Dabei hatte sogar Ecclestone erklärt, dass es "jetzt an der Regierung ist, ihnen zu helfen. Ich kann nicht verstehen, warum das nicht passiert."

"Umsatz von etwa 40 Millionen Euro"

Karl-Josef Schmidt, Geschäftsführer der Hockenheimring GmbH hatte bereits Ende der vergangenen Woche sein Unverständnis deutlich gemacht. Er könne nur hoffen, dass sich das Land "einen Ruck gibt.
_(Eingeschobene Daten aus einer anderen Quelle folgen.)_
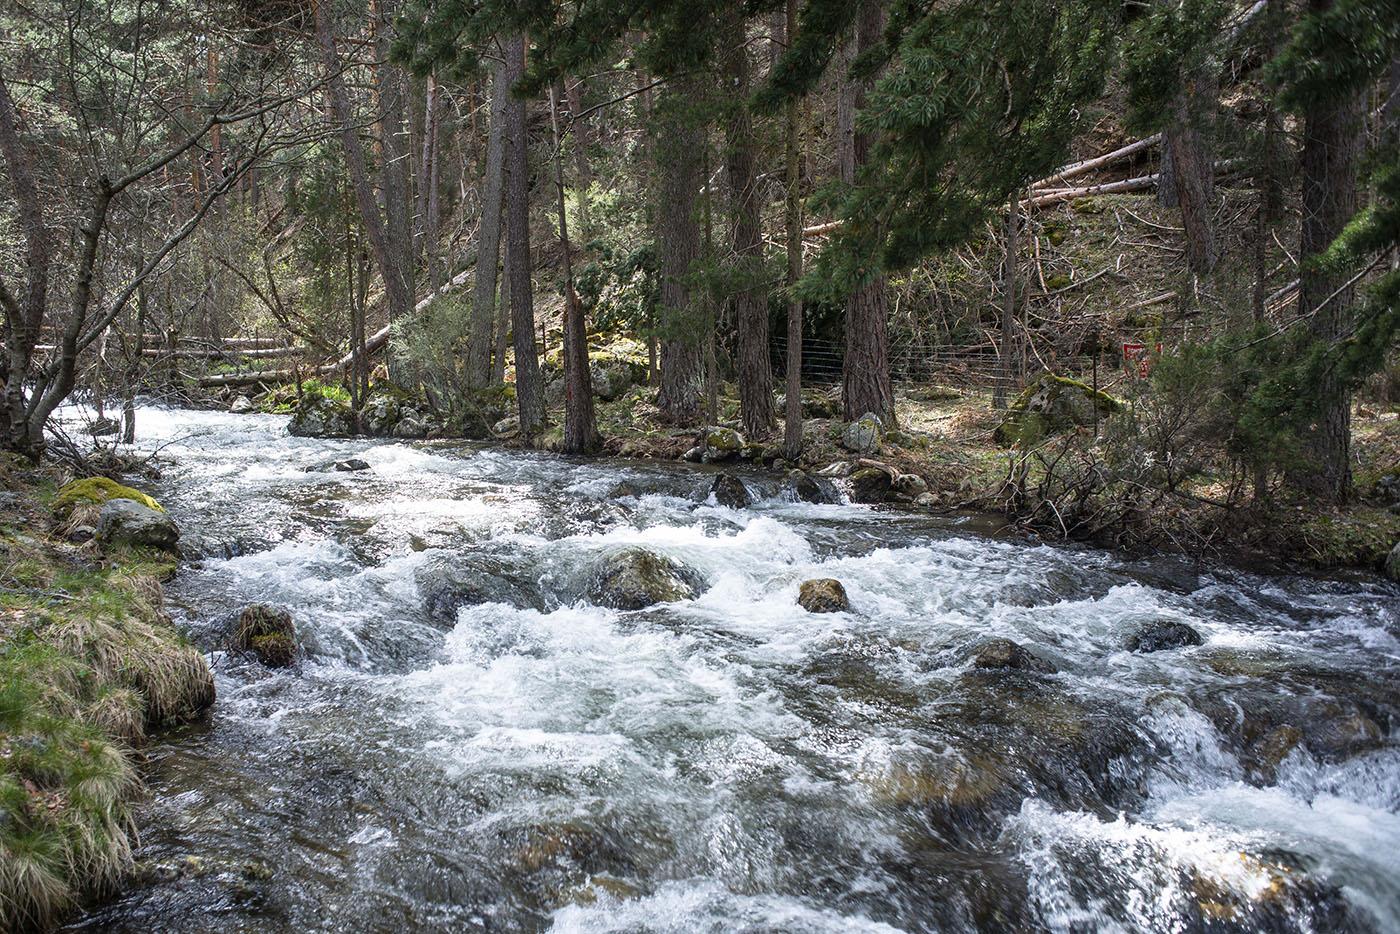 Cascadas de Sierra de Guadarrama: El Chorro de Navafría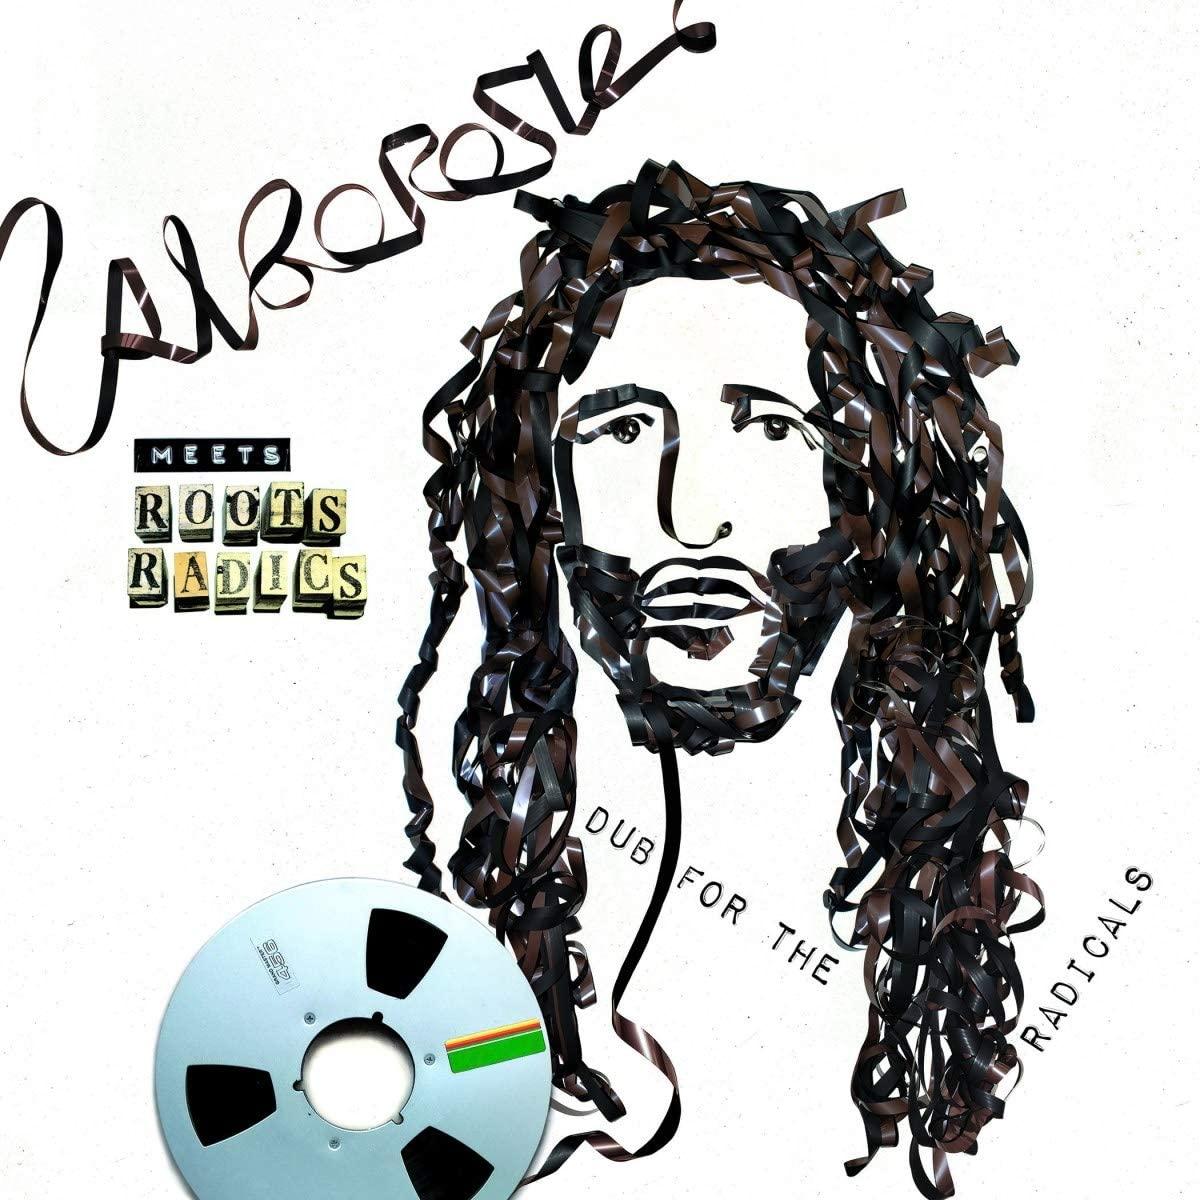 Alborosie Meets Roots Radics - Dub For The Radicals

Es handelt sich hier schließlich nicht um irgendein Ereignis, sondern um ein sportliches Großevent, das an einem Wochenende einen Umsatz von etwa 40 Millionen Euro einbringt", sagte er und monierte auch die Wettbewerbsnachteile:

"Wir messen uns hier mit einer 20.000-Einwohner-Stadt mit Metropolen wie Singapur oder Melbourne. Ohne eine maßgebliche Beteiligung eines Dritten kann das nicht gut gehen." Dass es nach 2011 überhaupt kein Formel-1-Rennen mehr in Deutschland gibt, hielt er "nicht nur vorstellbar, sondern für ein durchaus realistisches Szenario".

Auch Nürburgring schreibt rote Zahlen

Denn auch der Nürburgring schreibt mit der Königsklasse des Motorsports längst nur rote Zahlen. Dort aber kommt das Land Rheinland-Pfalz als 90-prozentiger Anteilseigner noch weitgehend für die Verluste auf.

Der WM-Lauf 2009 findet am 12. Juli auf dem Nürburgring statt, der Vertrag läuft auch noch für 2011.

Ecclestone hat Alternativen

Alternativen hat Ecclestone längst gefunden. 2010 findet das erste Formel-1-Rennen in Südkorea statt, ein Jahr später ist Indien erstmals dabei.

Auch der Plan eines Stadtrennens in Rom ist nicht vom Tisch. Auch mit London gibt es weiter Gespräche über ein Stadtrennen.

Eine Rückkehr in die USA sei ebenfalls kein Problem, dieses Rennen würde dann aber nicht mehr in Indianapolis stattfinden. Ecclestone schwebt offenbar Las Vegas, New York oder Miami vor.